• **Data**:
·····

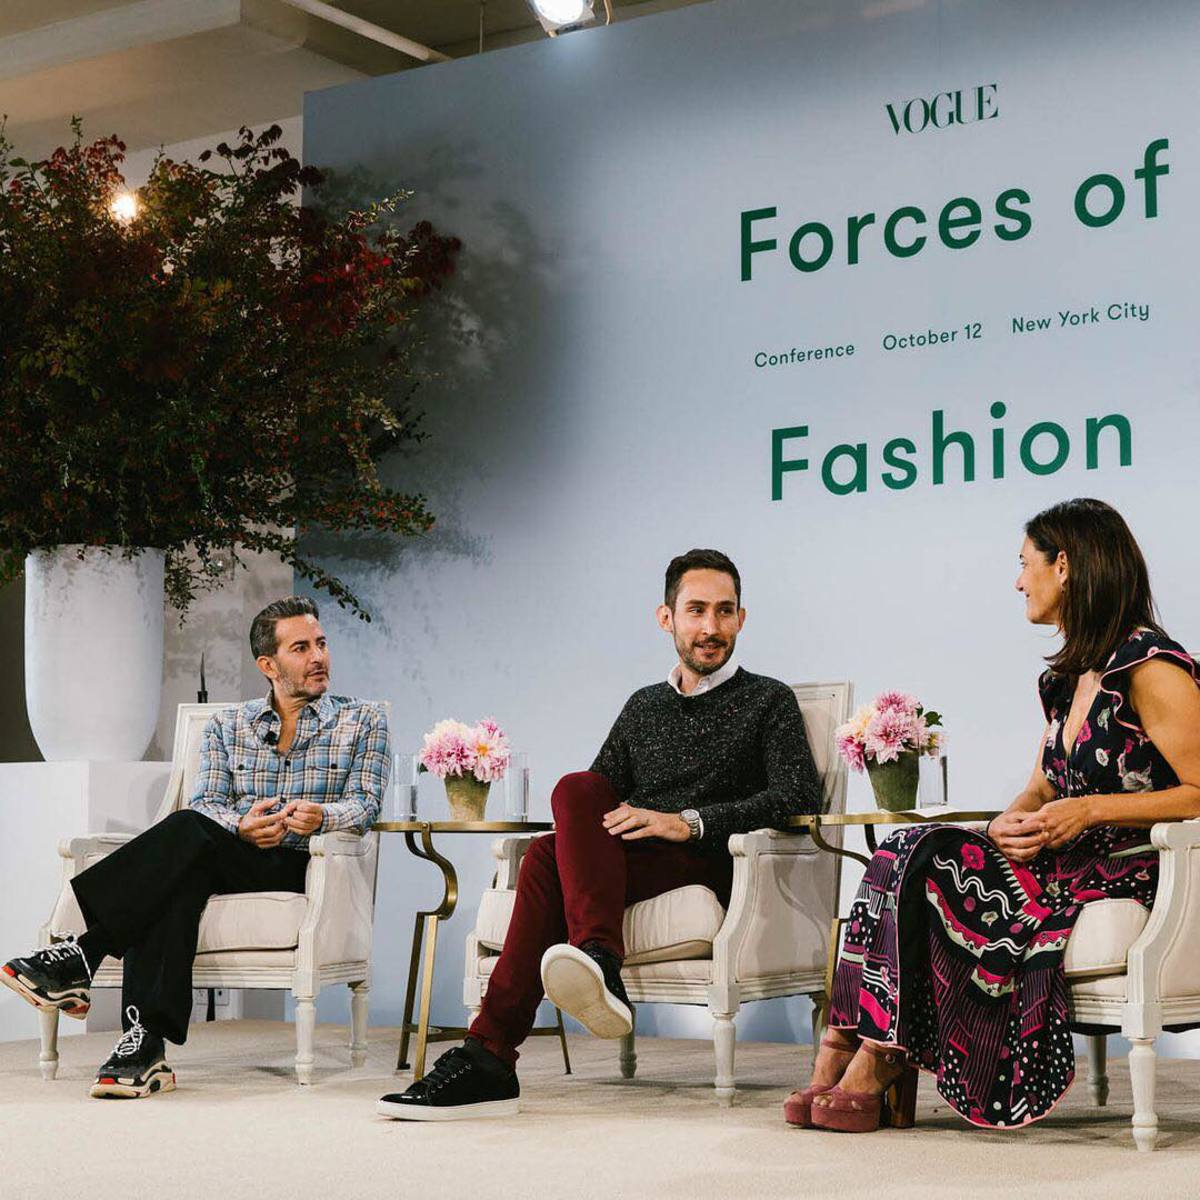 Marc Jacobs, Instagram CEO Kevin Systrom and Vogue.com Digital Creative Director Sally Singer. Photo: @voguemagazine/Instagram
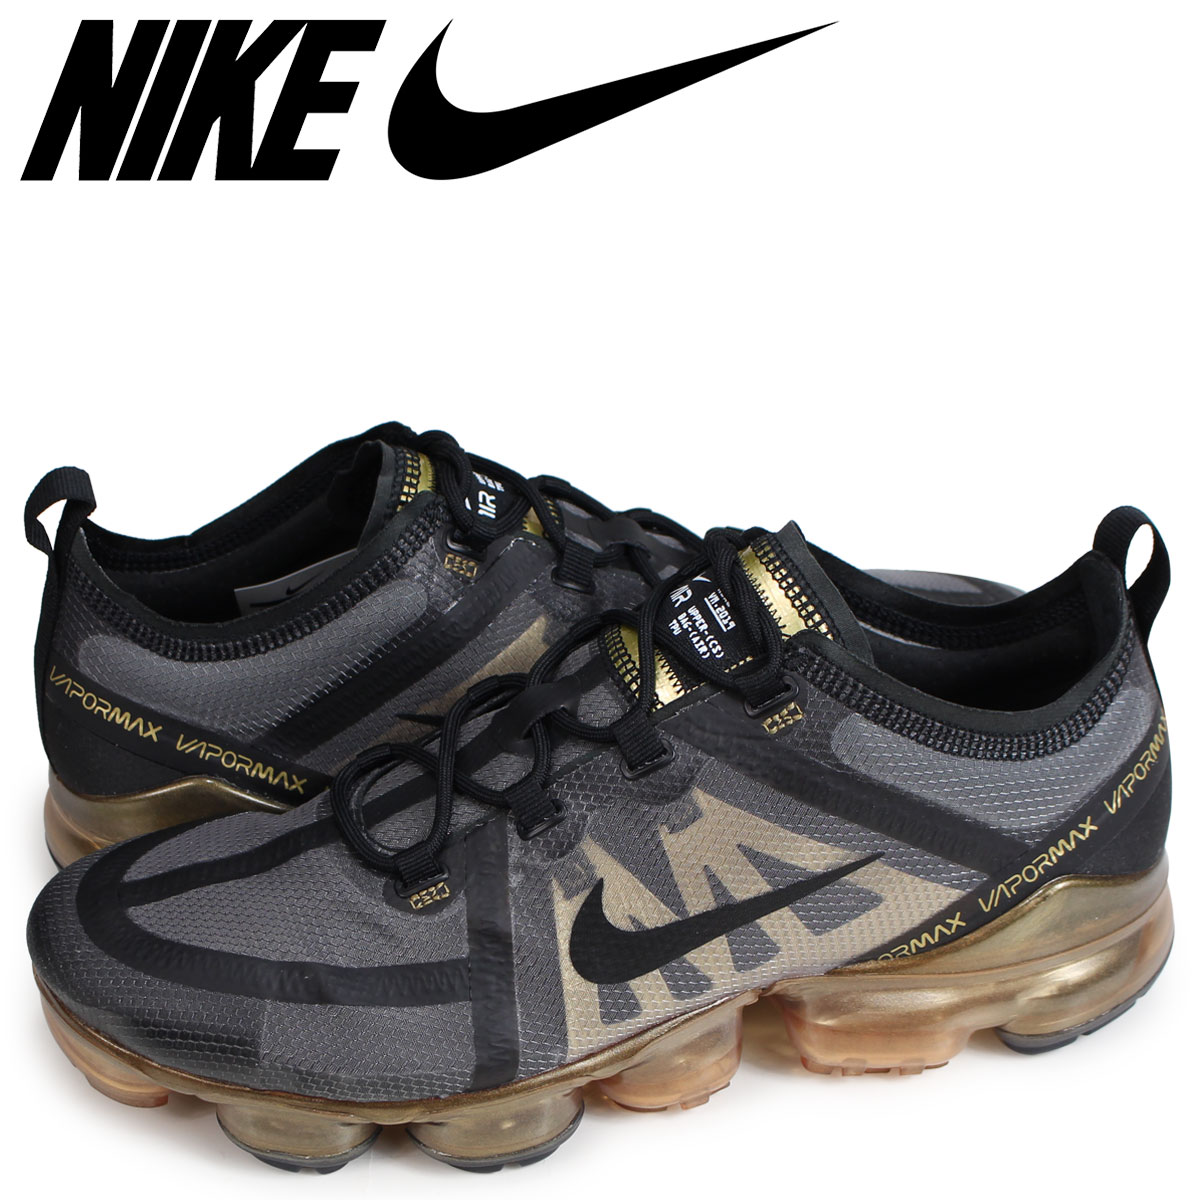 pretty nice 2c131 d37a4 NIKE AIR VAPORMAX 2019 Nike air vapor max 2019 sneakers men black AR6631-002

·····

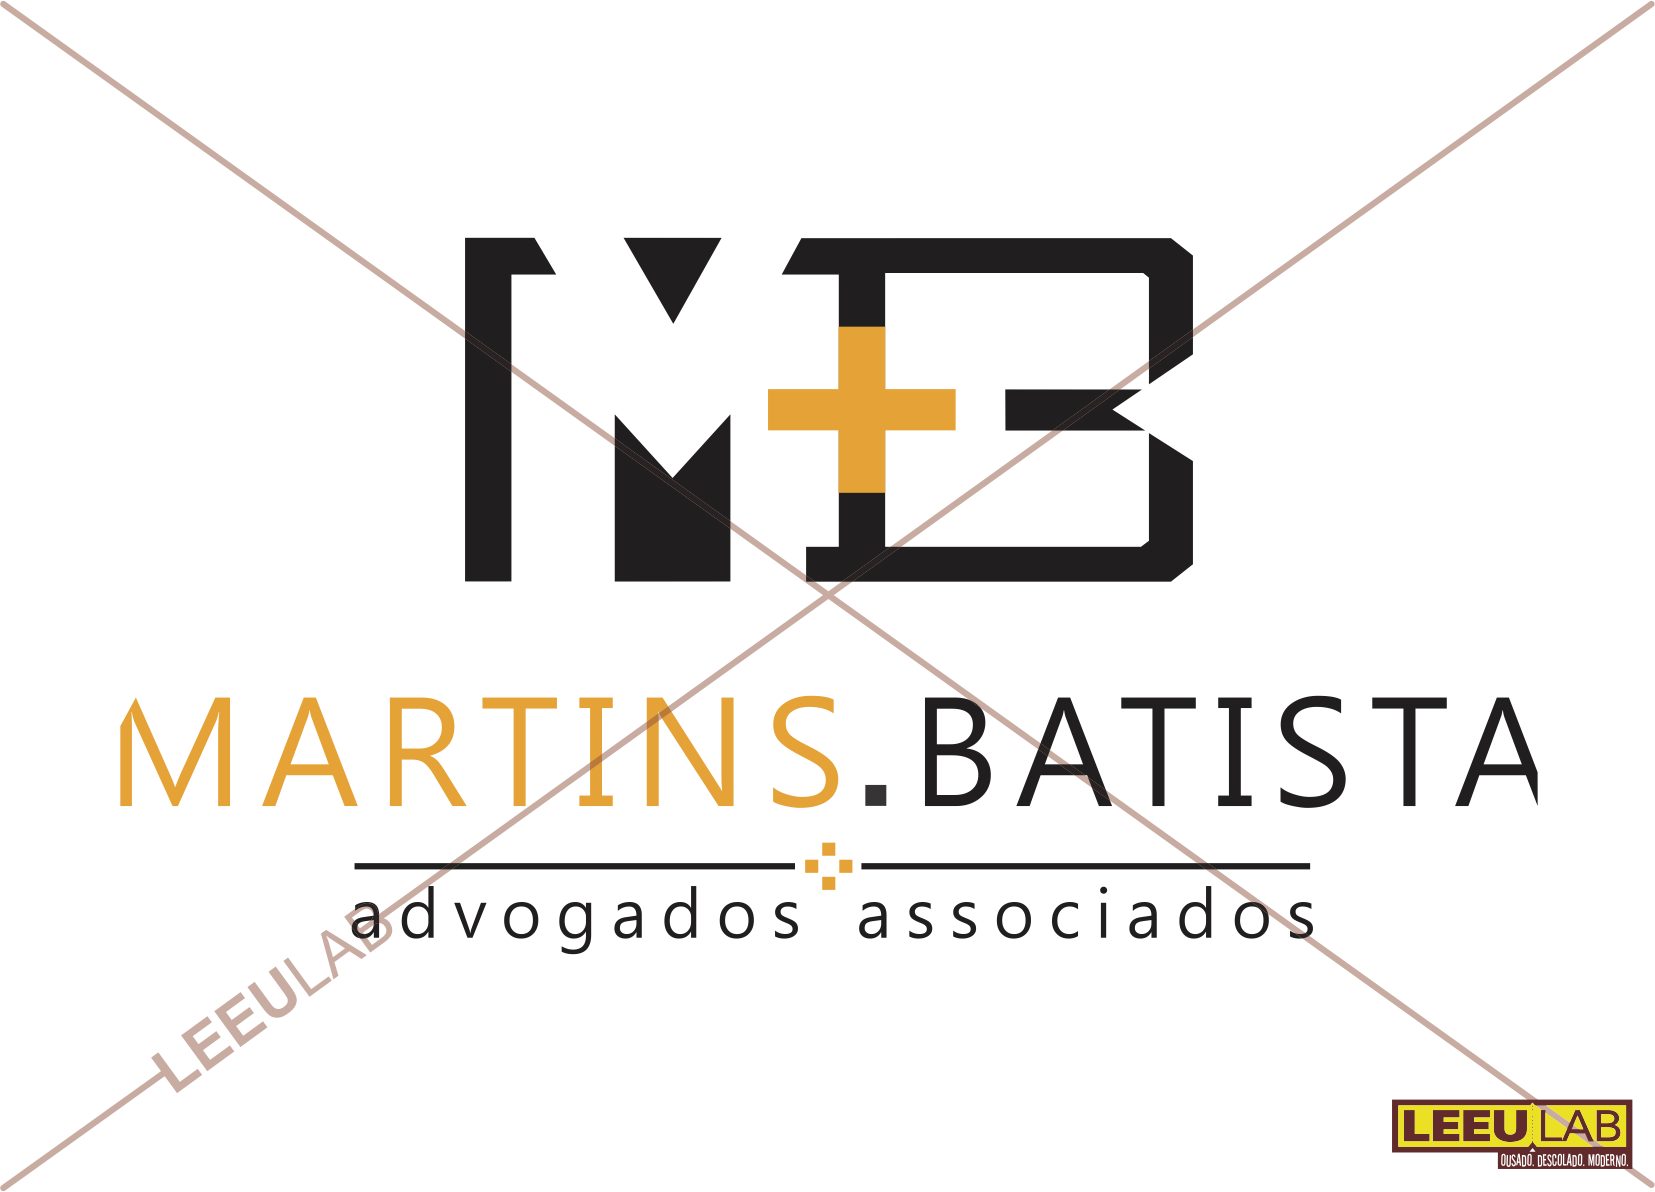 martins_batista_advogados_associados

·····

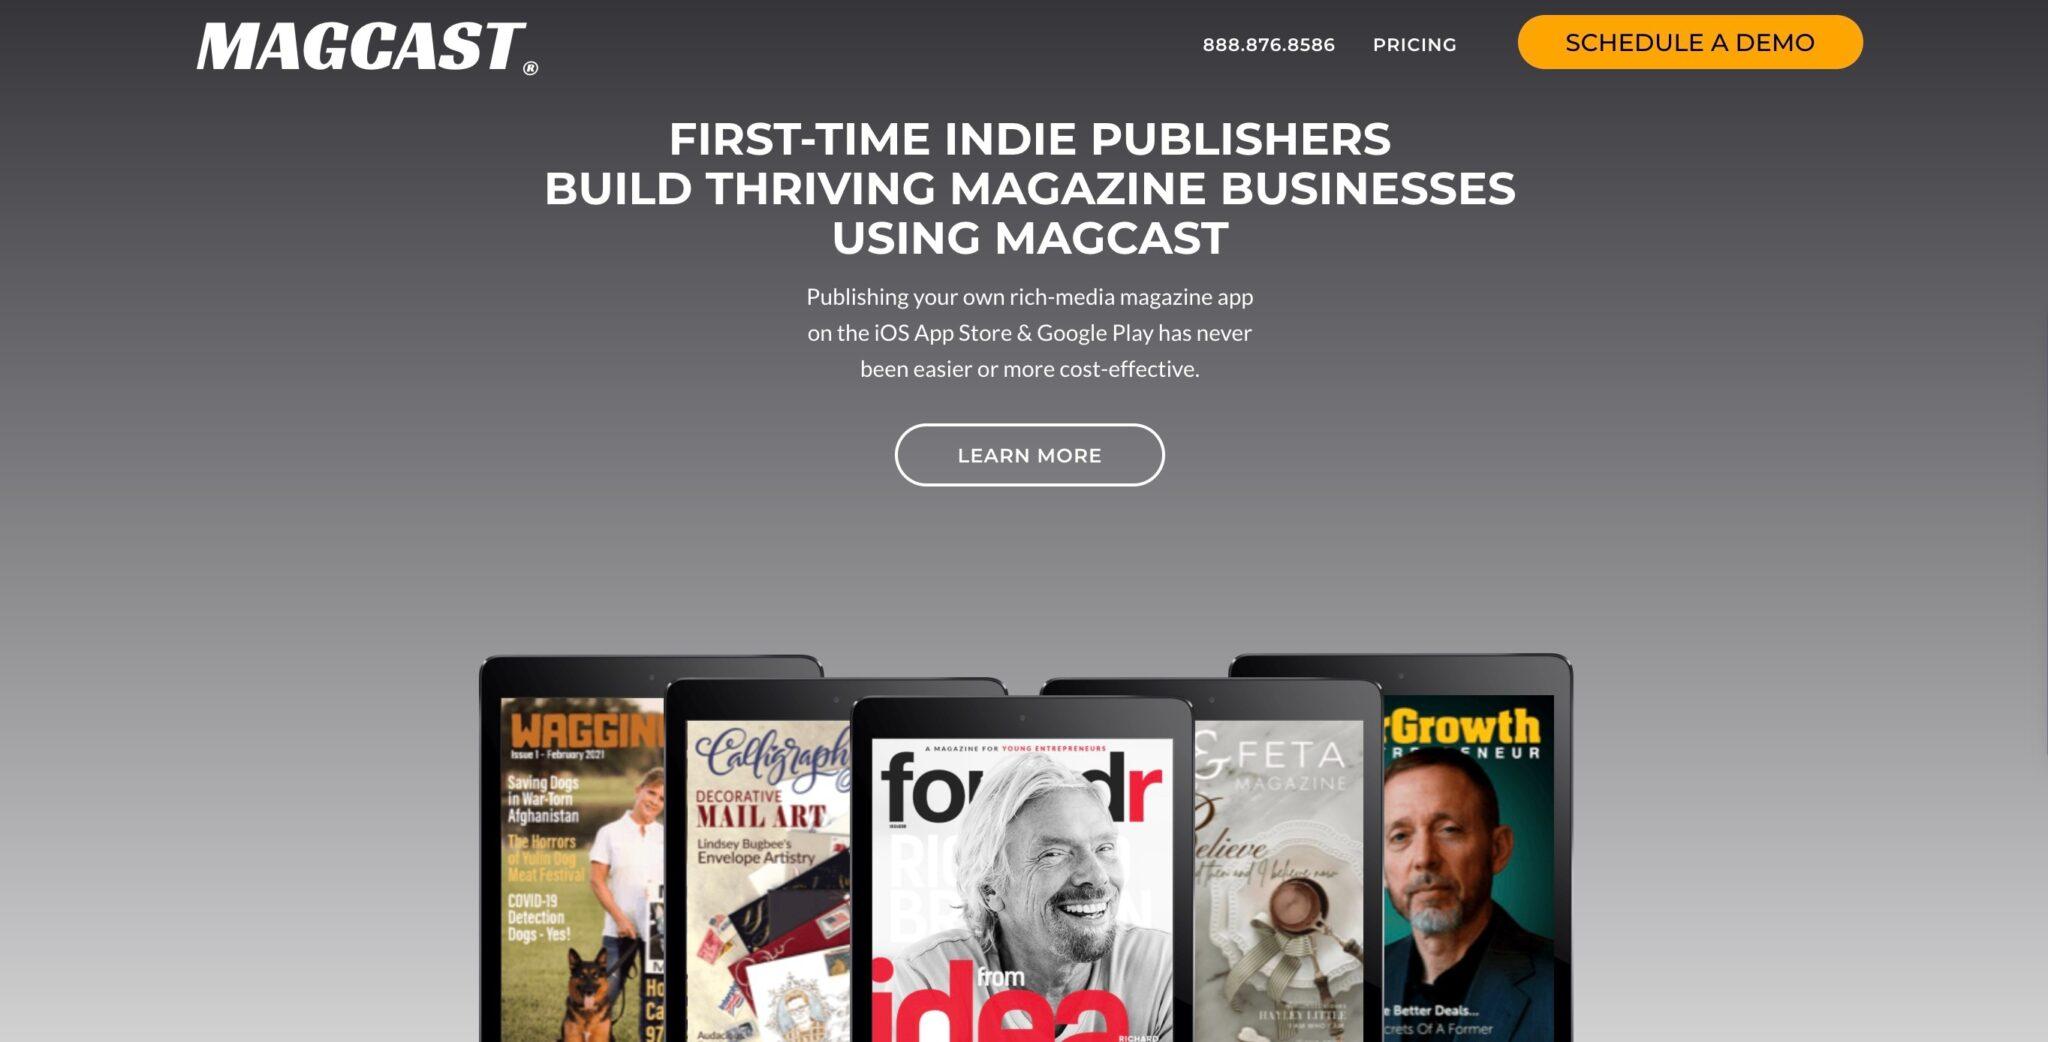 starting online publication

·····

• **Required work**: I would like the exact lines from the data above, starting with the one that holds "Marc Jacobs, Instagram" and going on through the one that holds "pretty nice 2c131", without the pictures.

• **Exercise output**:
 Marc Jacobs, Instagram CEO Kevin Systrom and Vogue.com Digital Creative Director Sally Singer. Photo: @voguemagazine/Instagram
 pretty nice 2c131 d37a4 NIKE AIR VAPORMAX 2019 Nike air vapor max 2019 sneakers men black AR6631-002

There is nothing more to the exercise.